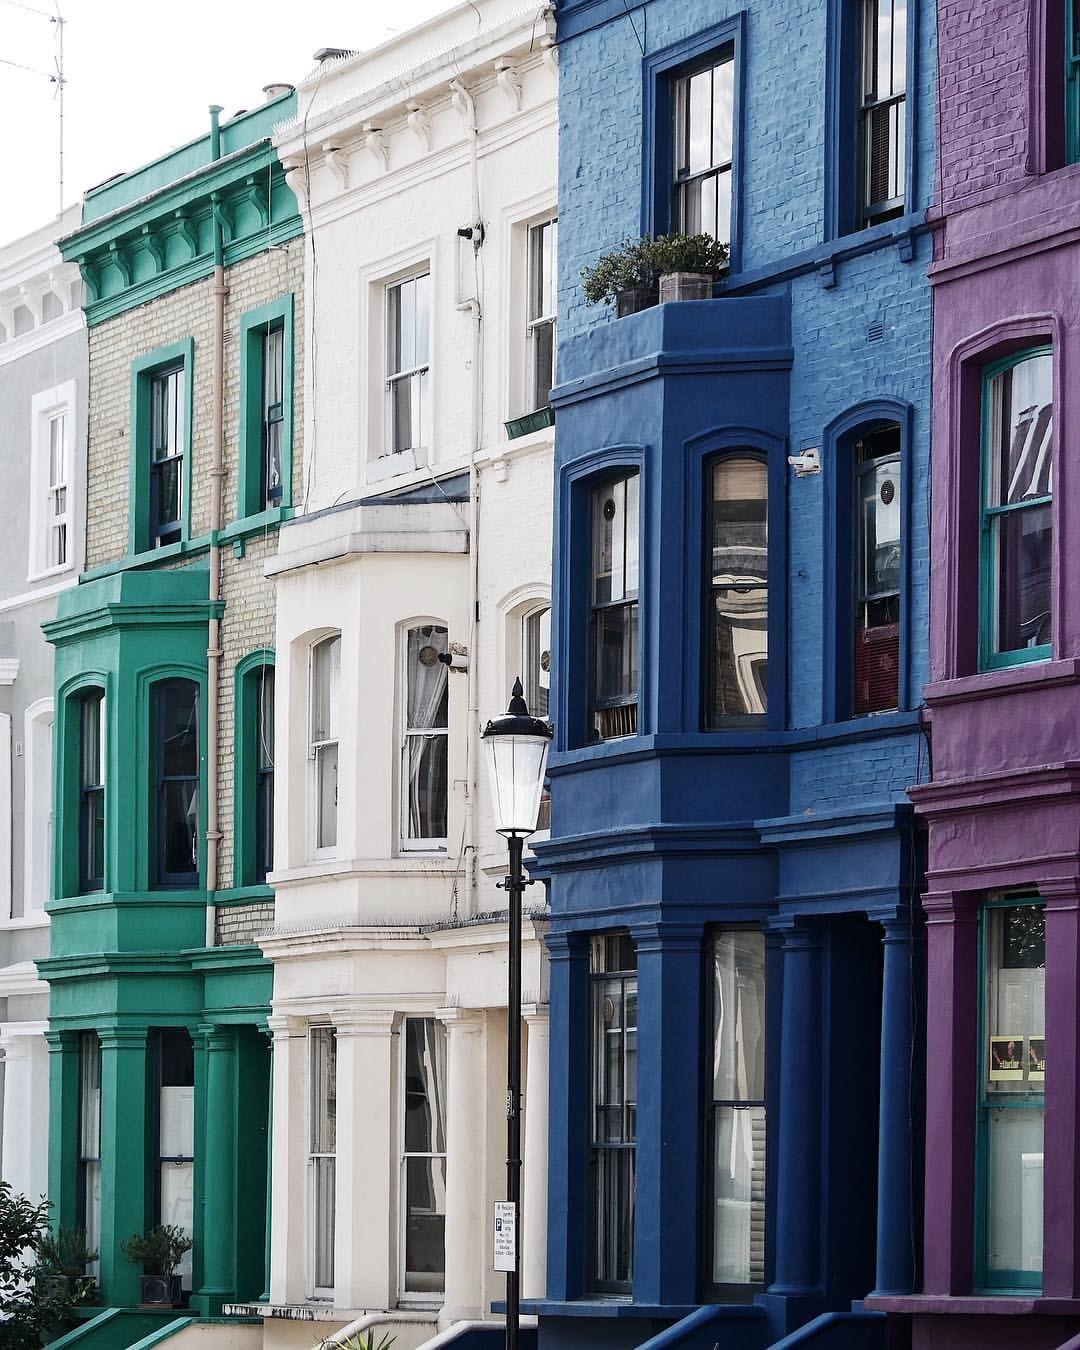 Notting Hill London: Notting Hill London, London
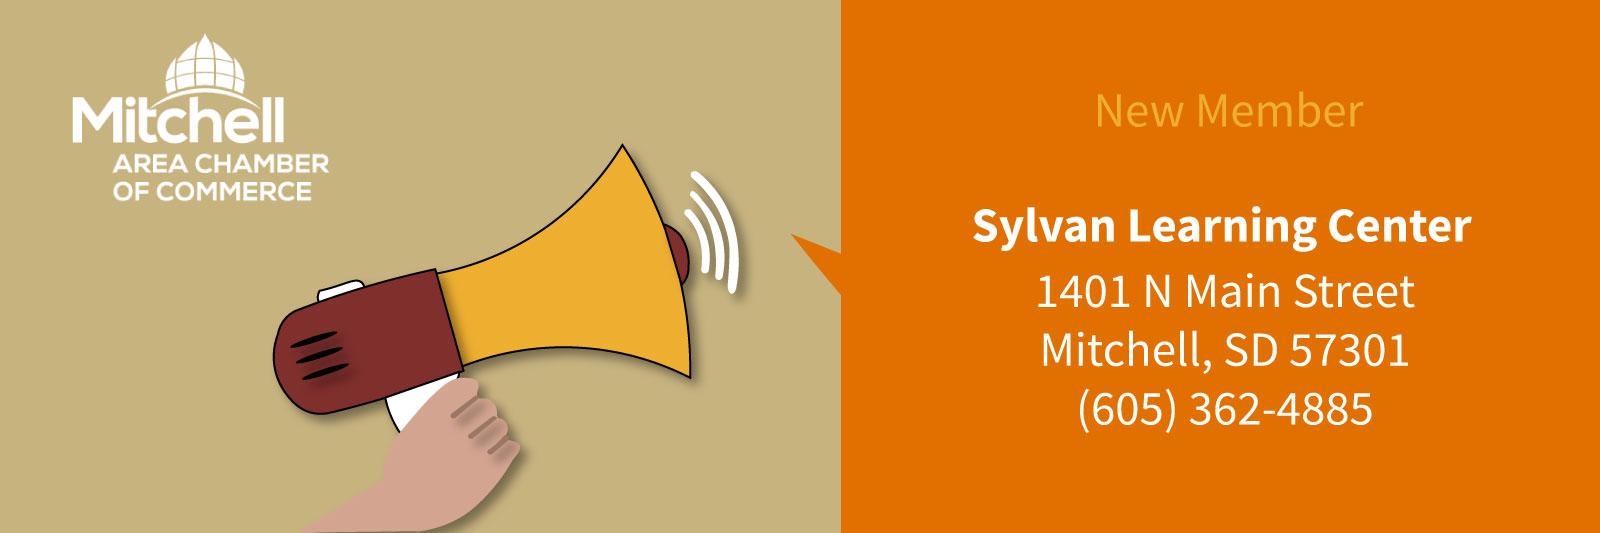 sylvan_learning_center.jpg
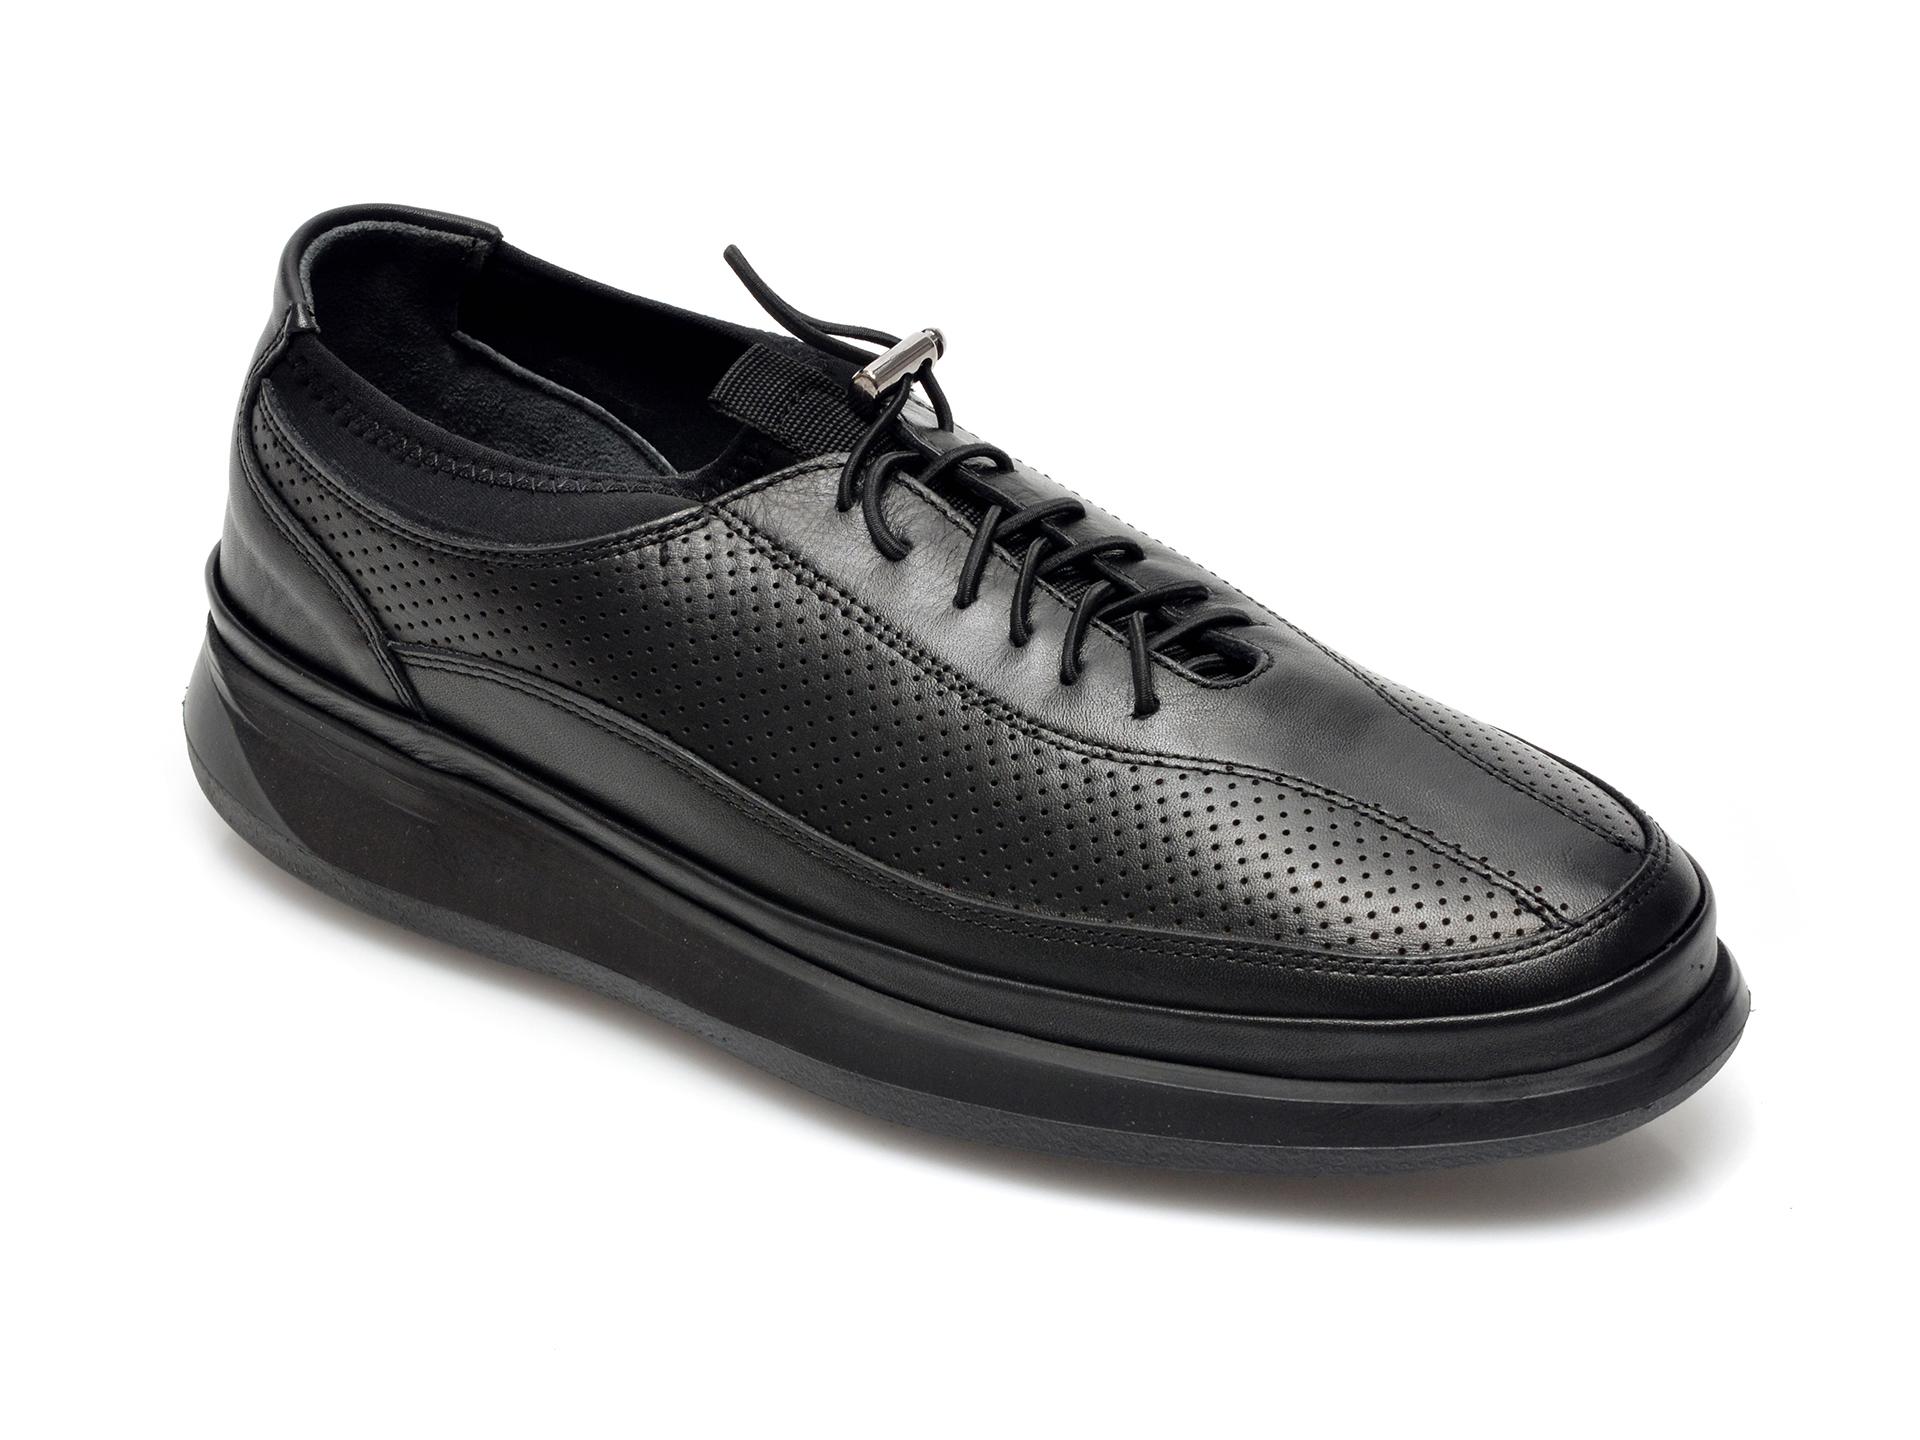 Pantofi OTTER negri, M6065, din piele naturala
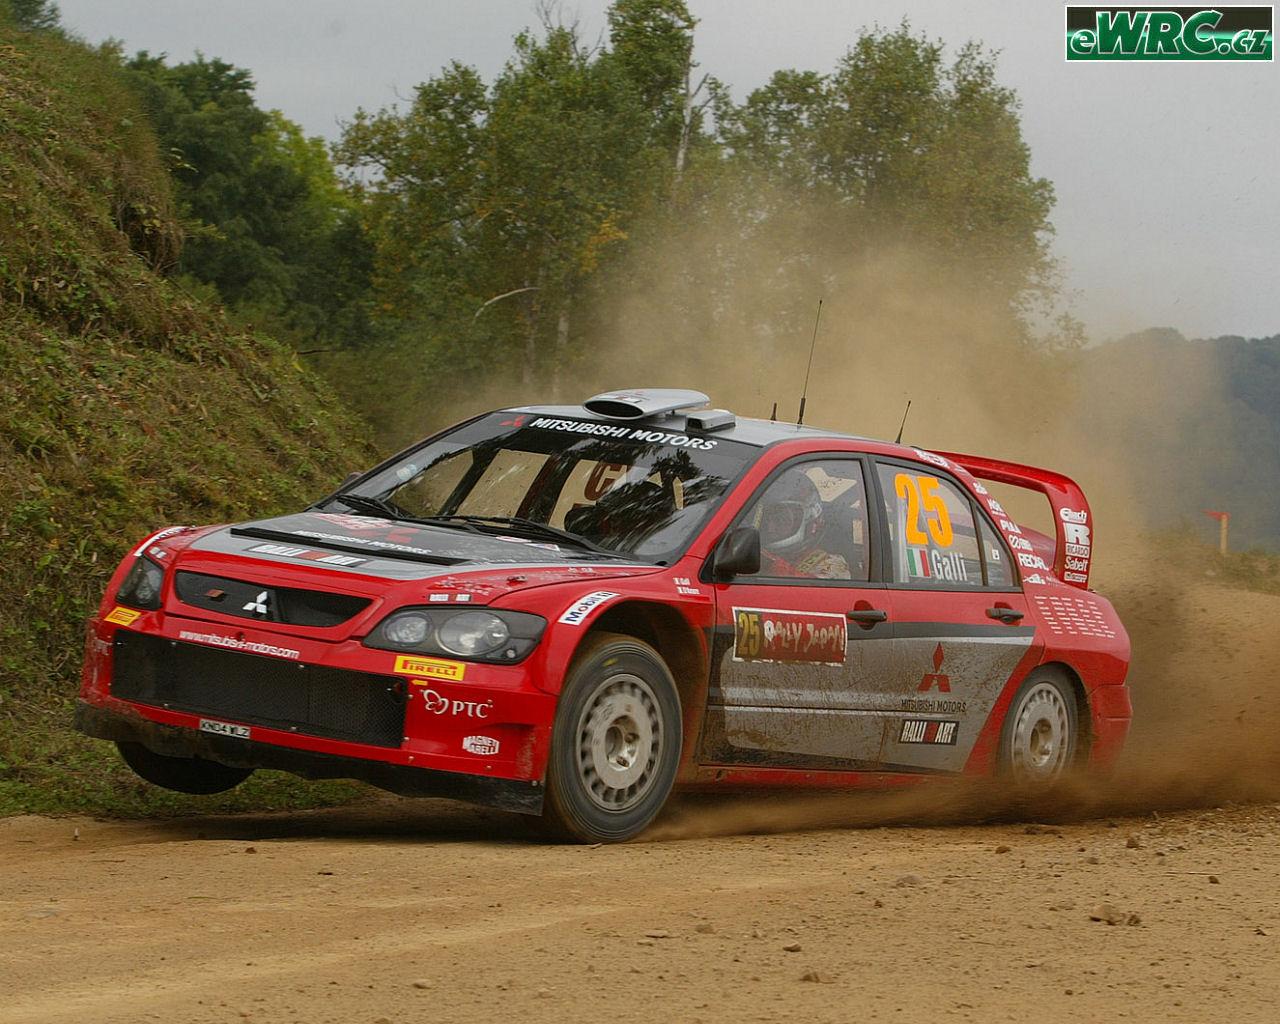 World Rally Championship: Temporada 2019 - Página 17 Ot_w_7_galli_1

What is required: Please retype the whole listing above exactly, without any of its images.

Solved exercise:
 Notting Hill London: Notting Hill London, London
 sylvan_learning_center.jpg
 Pantofi OTTER negri, M6065, din piele naturala
 World Rally Championship: Temporada 2019 - Página 17 Ot_w_7_galli_1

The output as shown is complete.